[STORED DATA — start]

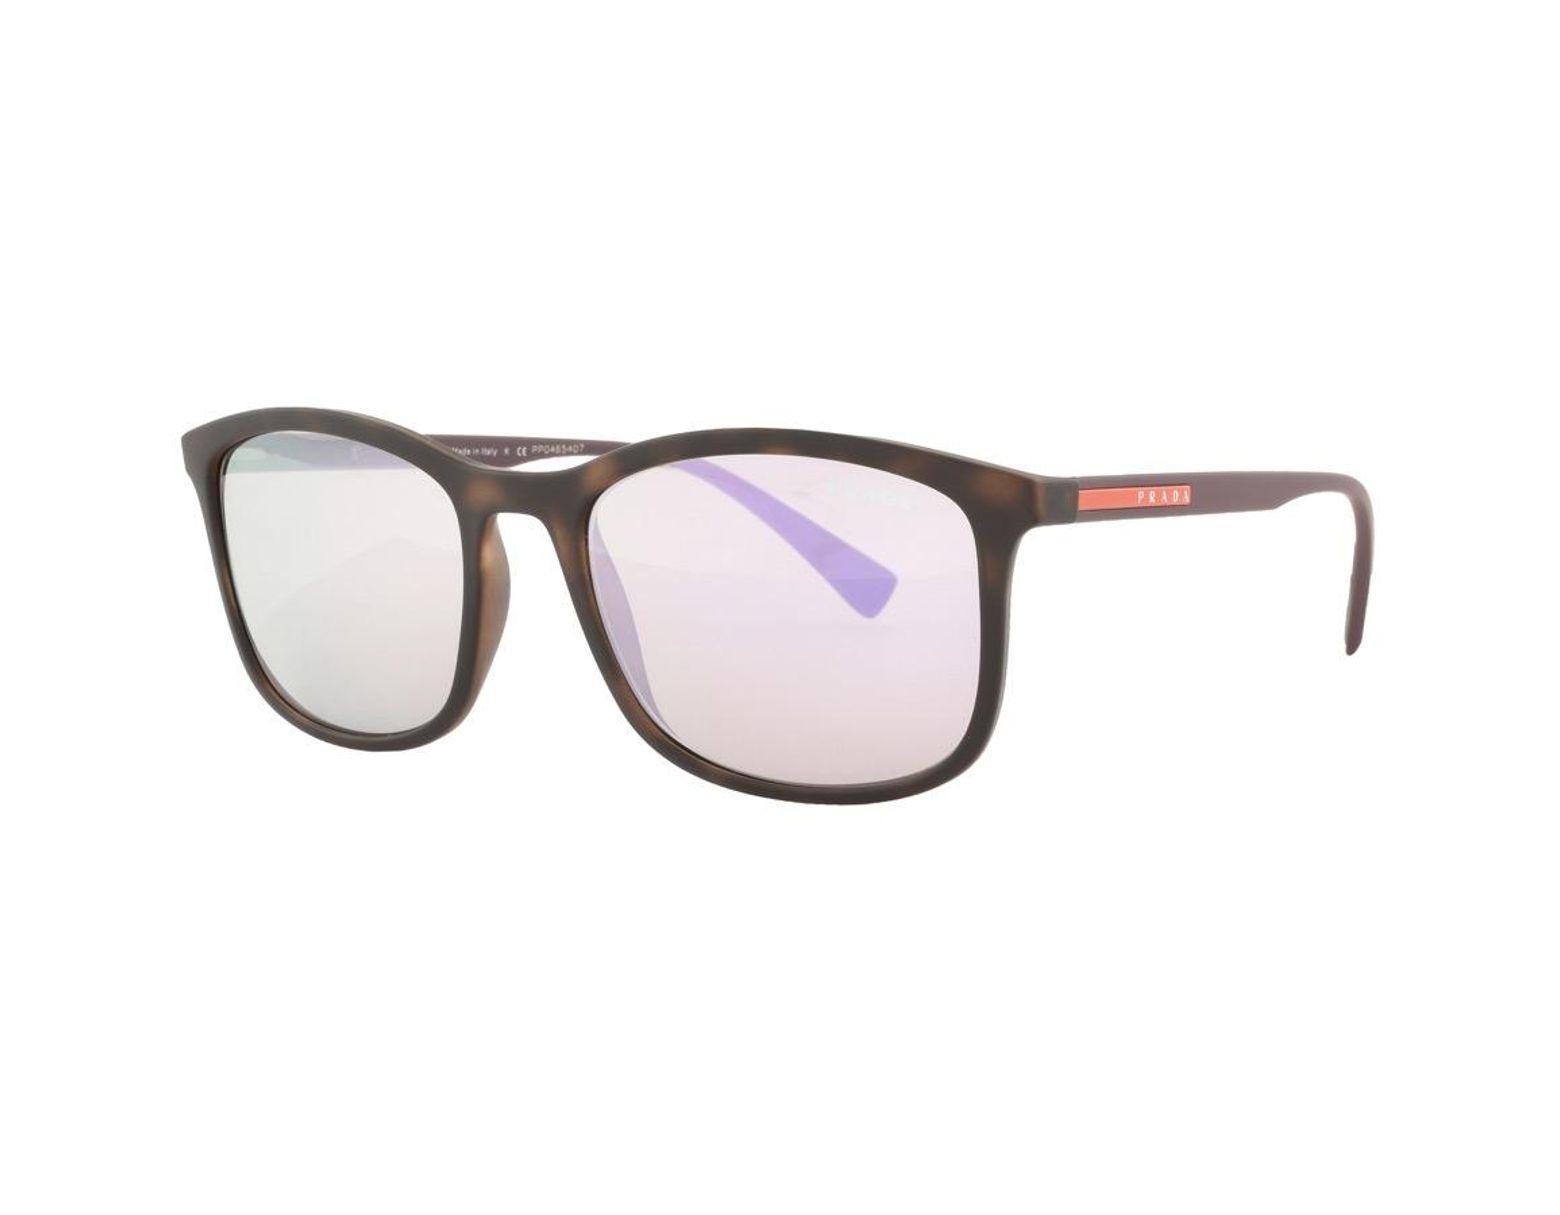 f546ff80b13c Prada Linea Rossa Sunglasses Purple in Purple for Men - Lyst
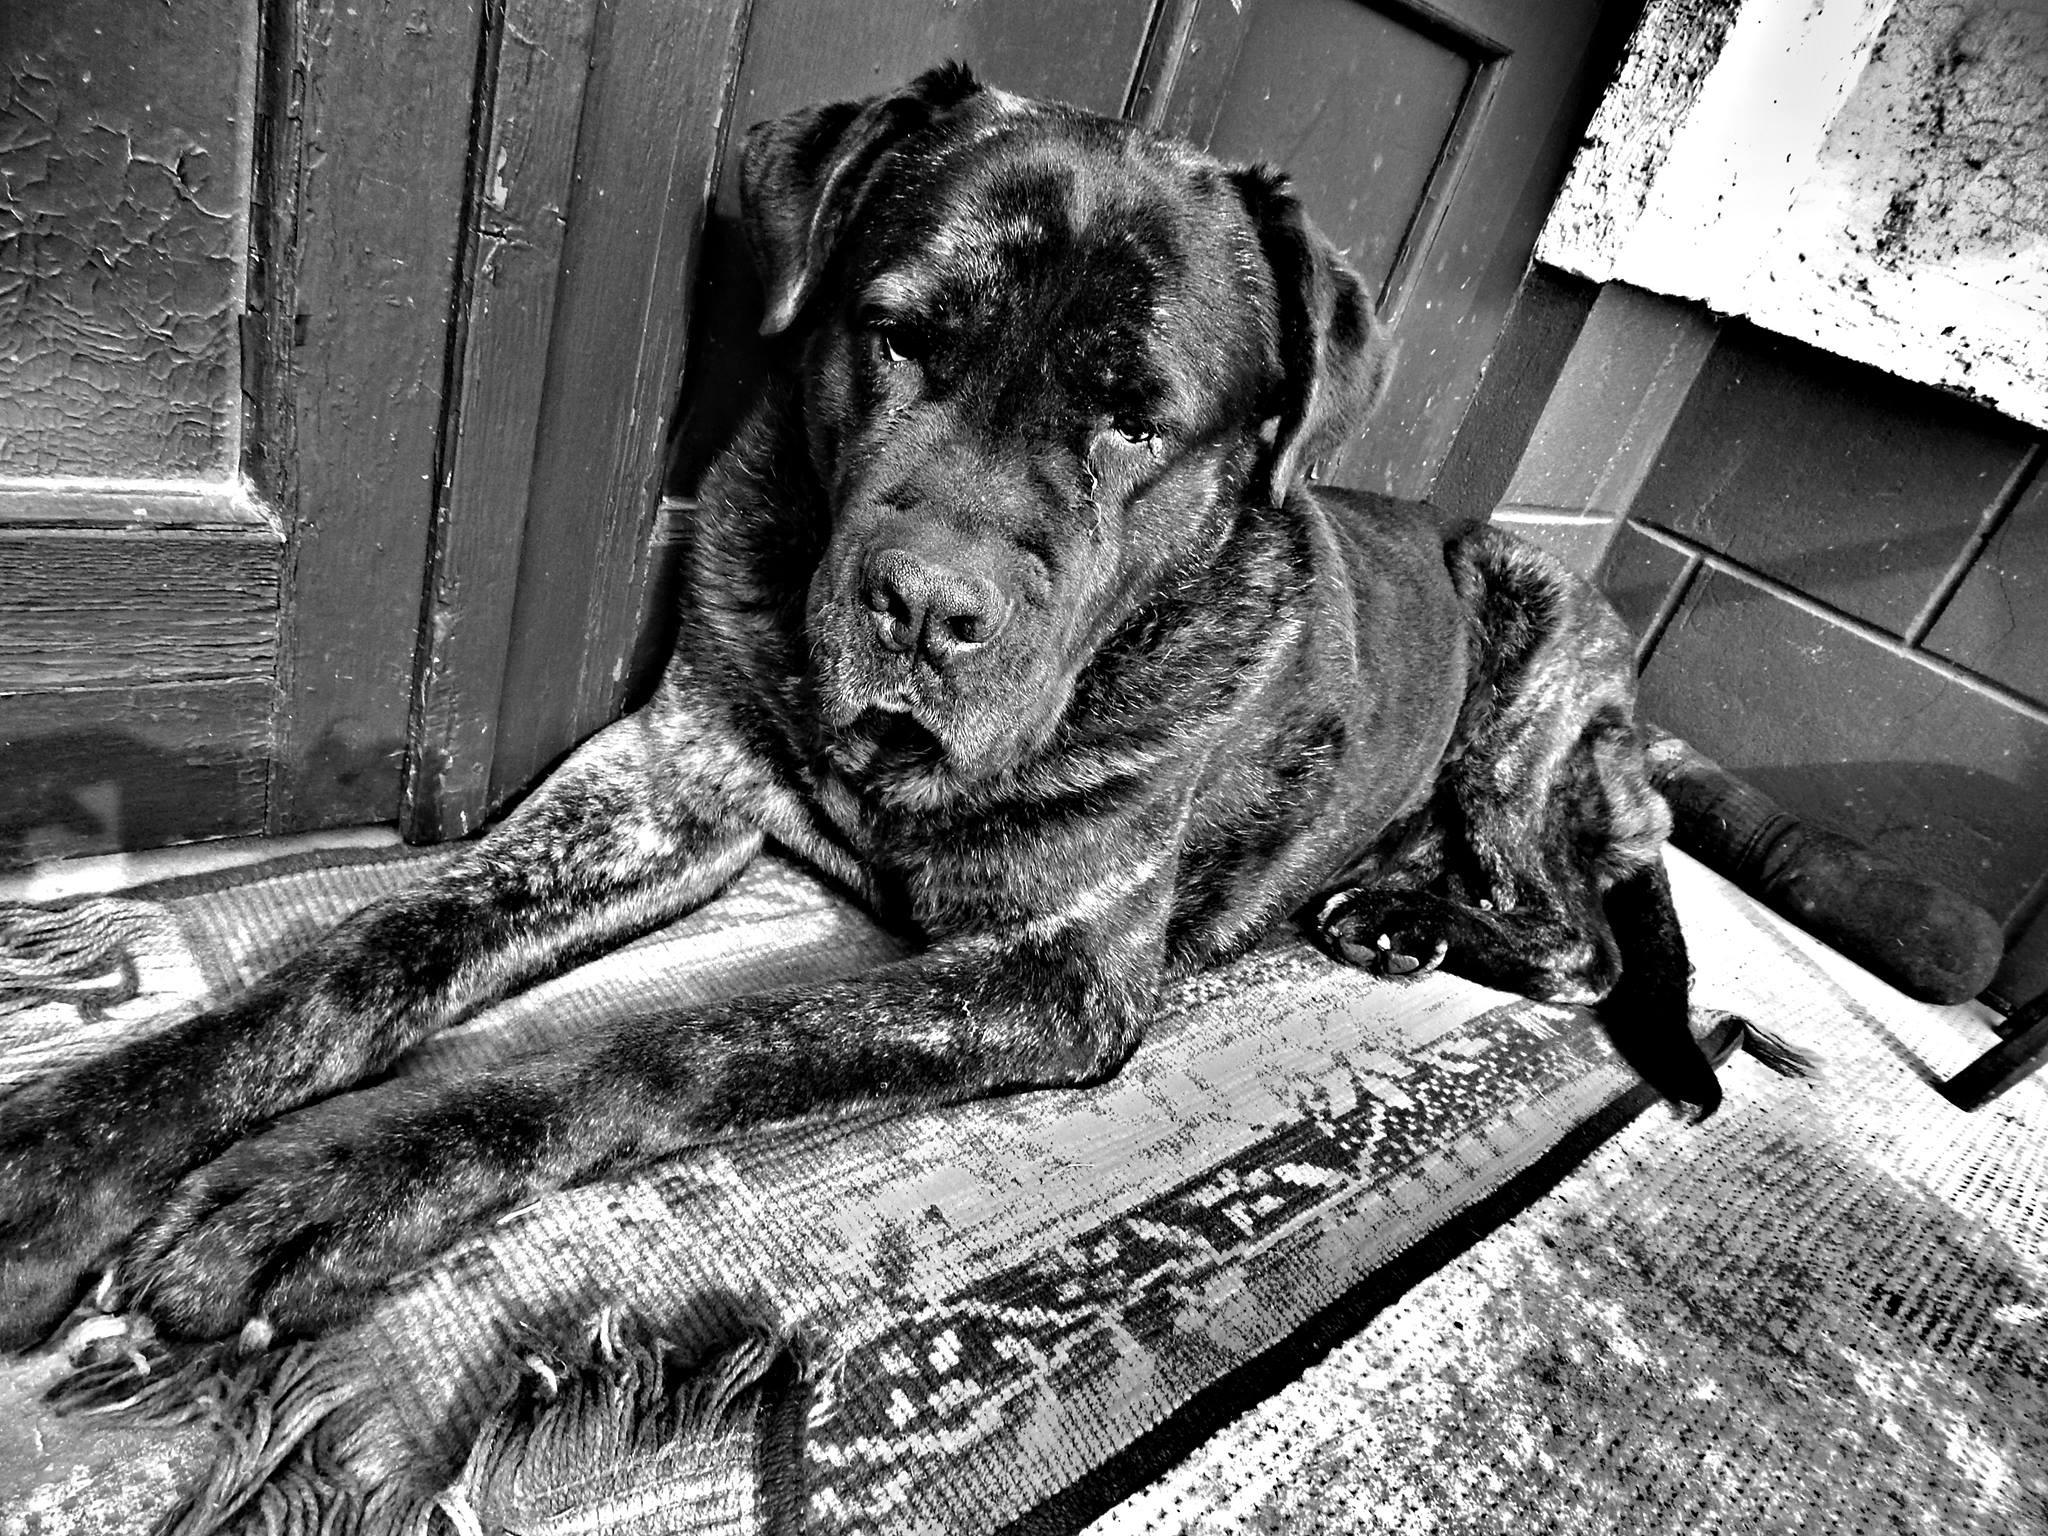 General 2048x1536 monochrome animals dog cane corso
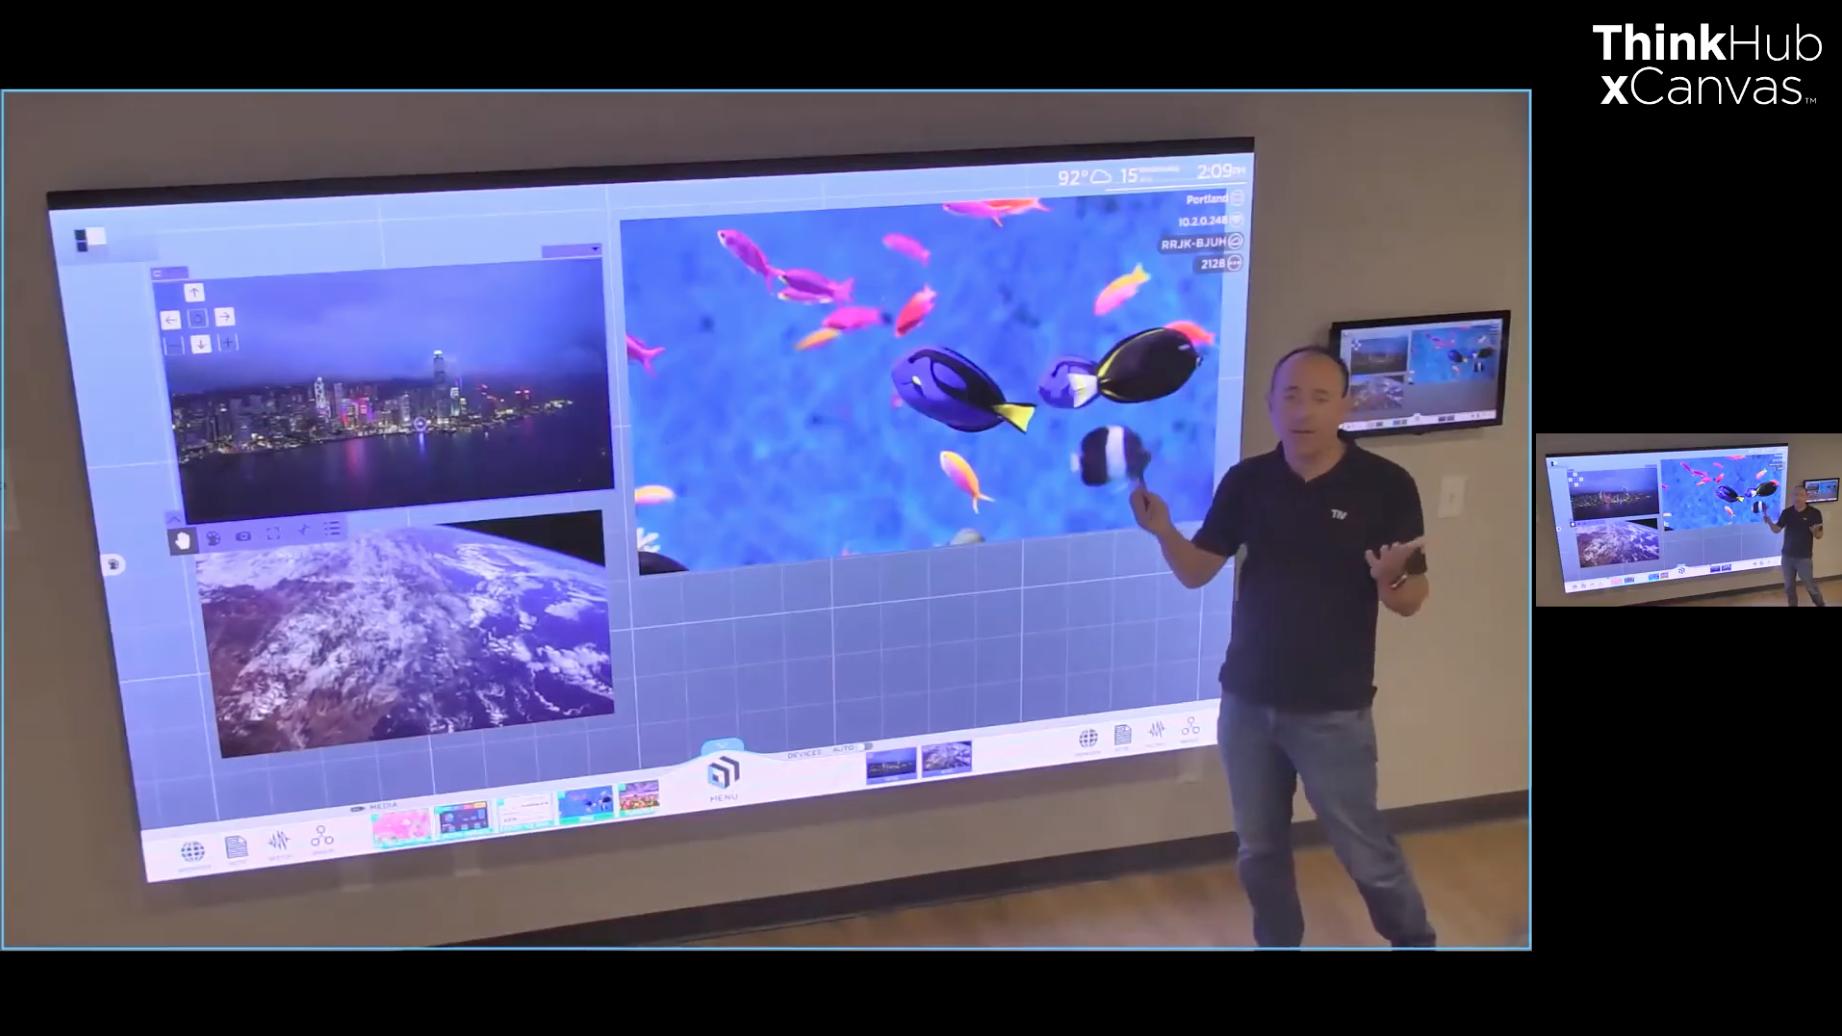 T1V-ThinkHub-xCanvas-collaboration-content-hybrid-teams-software-blog-image
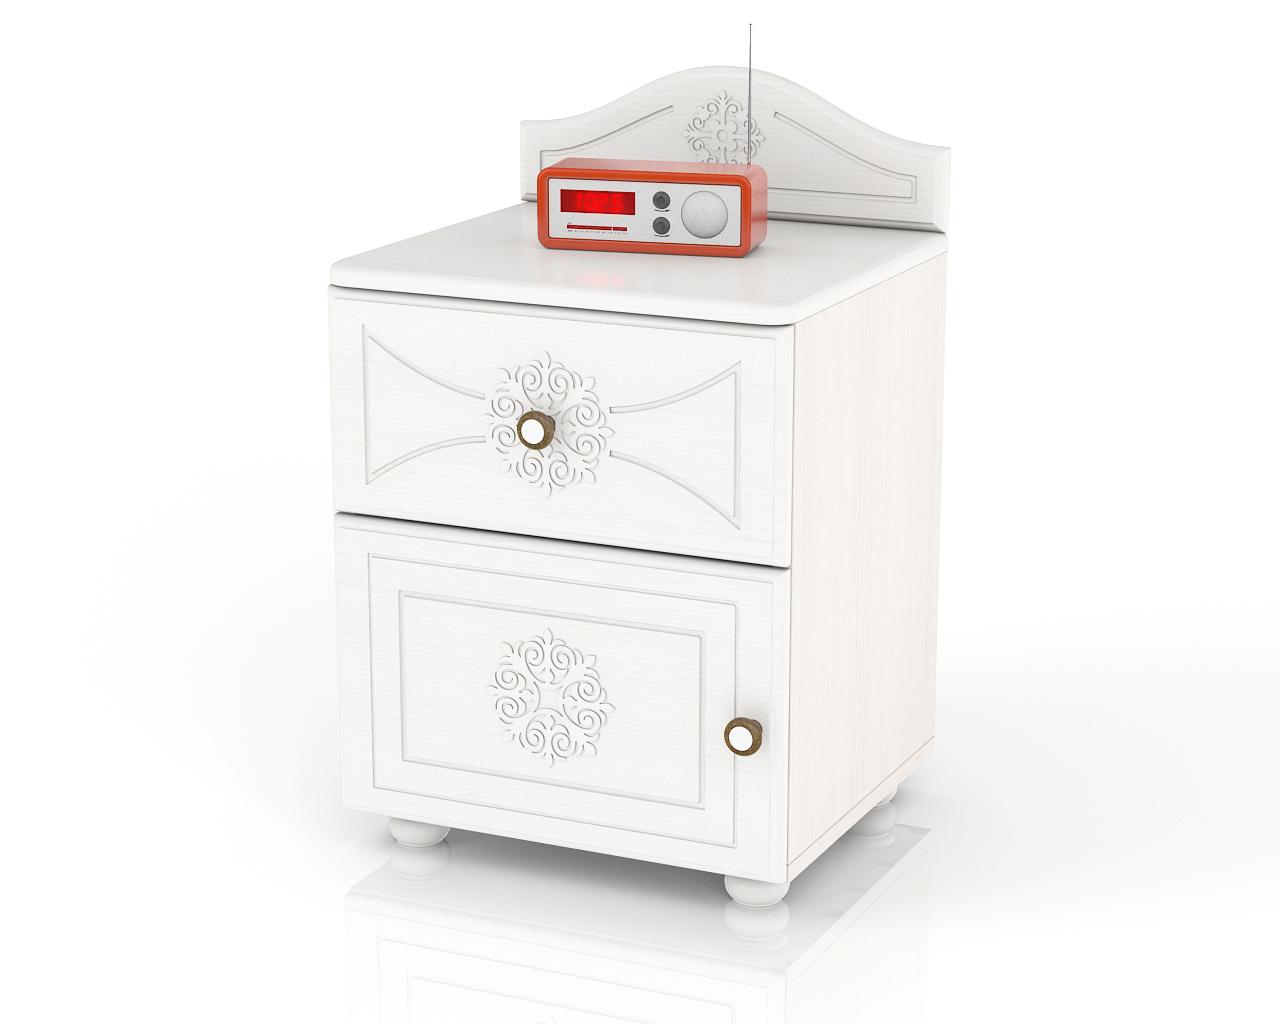 Продажа мебели в интернет-магазине ВашаКомната.РФ – фото 1.20

[STORED DATA — finish]

=== WHAT IS NEEDED ===
Copy out all the data exactly; skip the pictures.

=== OUTPUT OF THE EXERCISE ===
 f546ff80b13c Prada Linea Rossa Sunglasses Purple in Purple for Men - Lyst
 General 2048x1536 monochrome animals dog cane corso
 T1V-ThinkHub-xCanvas-collaboration-content-hybrid-teams-software-blog-image
 Продажа мебели в интернет-магазине ВашаКомната.РФ – фото 1.20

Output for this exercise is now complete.